Turner Classic Movies’ monthlong Wednesday night spotlight on memorable movies that have made efforts to put a serious focus on addictions to substances and behaviors concludes with tonight’s six-film lineup.
First is Bigger Than Life (1956), directed by Nicholas Ray and starring and produced by James Mason. The film’s story seems to presage our current opioid epidemic; Mason
plays a schoolteacher and family man who becomes seriously ill and is prescribed cortisone as a treatment. While his illness takes a turn for the better, an even more serious one takes hold as he becomes addicted to
the drug and turns abusive and violent. While not a critical or commercial success in America upon its release, Bigger Than Life was praised at the time by French New Wave filmmaking masters Jean-Luc Goddard and Francois Truffaut and is now also viewed by
many others as a masterpiece. Up next is Valley of the Dolls (1967), the campy cult drama based on Jacqueline Susann’s bestselling novel, which follows three women (played by Barbara Parkins, Patty Duke and Sharon Tate) who try to make it in Hollywood but fall prey to a seamy underworld and addictions to barbiturates (the “dolls” of the title).

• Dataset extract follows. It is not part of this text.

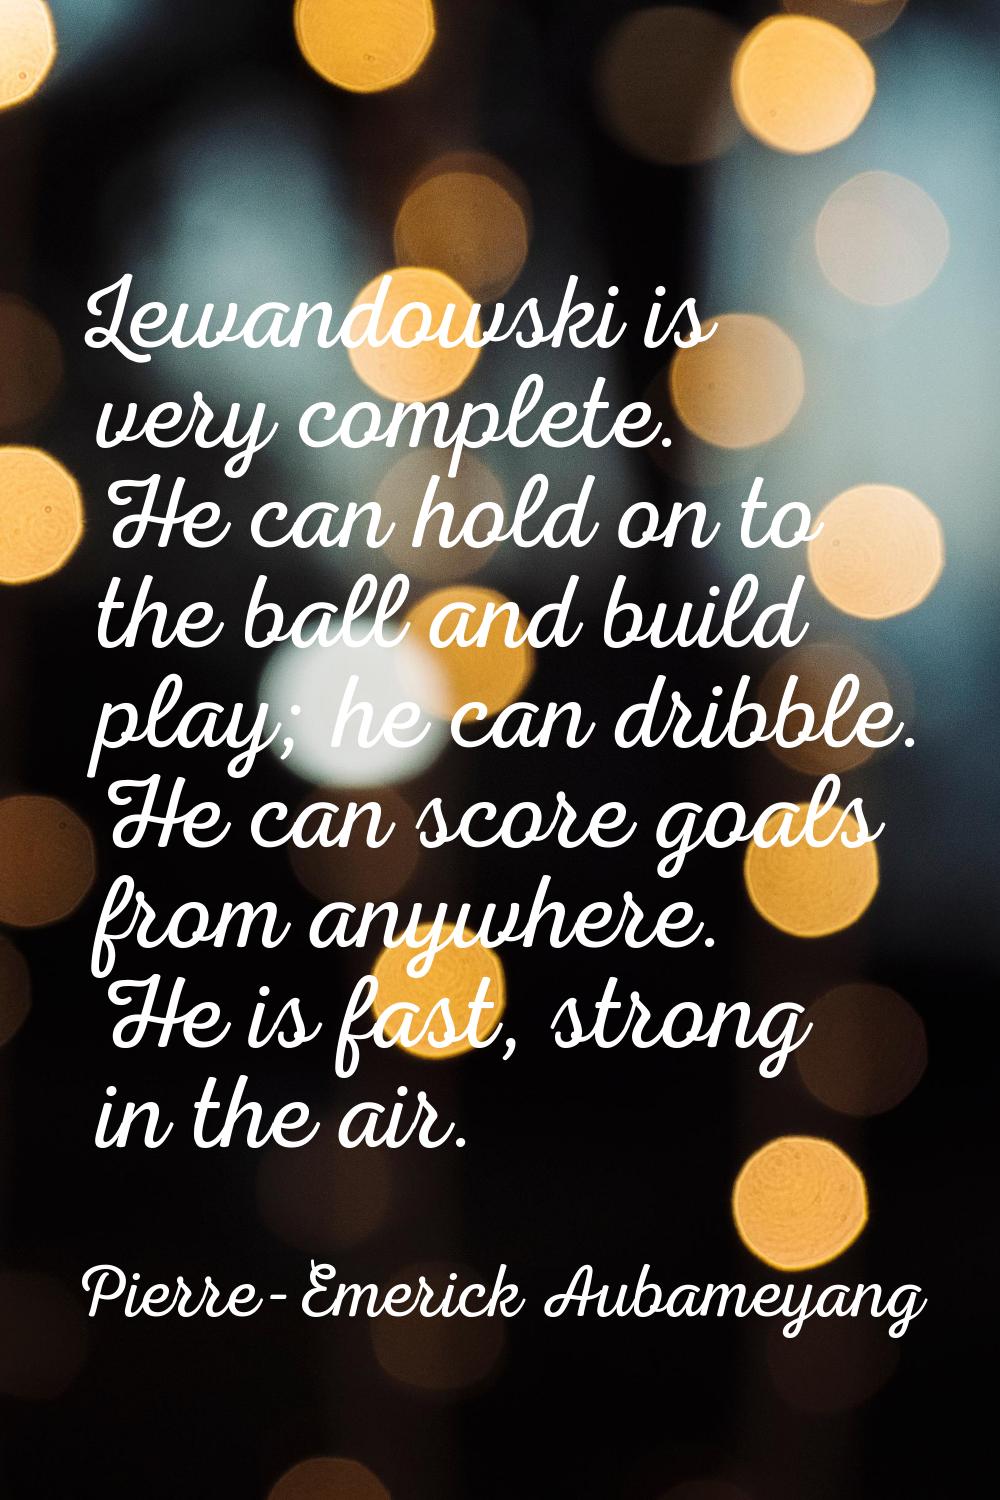 Lewandowski is very complete. He can hold on to the ball and build play; he can dribble. He can sco

Following that is The Lady Gambles, a 1949 film noir making its TCM premiere, with Barbara Stanwyck as a wife whose introduction to gambling develops into a full-blown obsession that threatens her life, savings and marriage. The gambling
theme continues with the final two films:
California Split (pictured) (1974), Robert Altman’s comedy/drama starring Elliott Gould and George Segal as a pair of gamblers who find themselves drawn ever more deeply into a sleazy gambling world with increasingly higher stakes; and Tricheurs, a 1984 French drama making its network premiere, about two gamblers, a man and a woman, who team up in a casino and realize the only way you can beat the house is to cheat.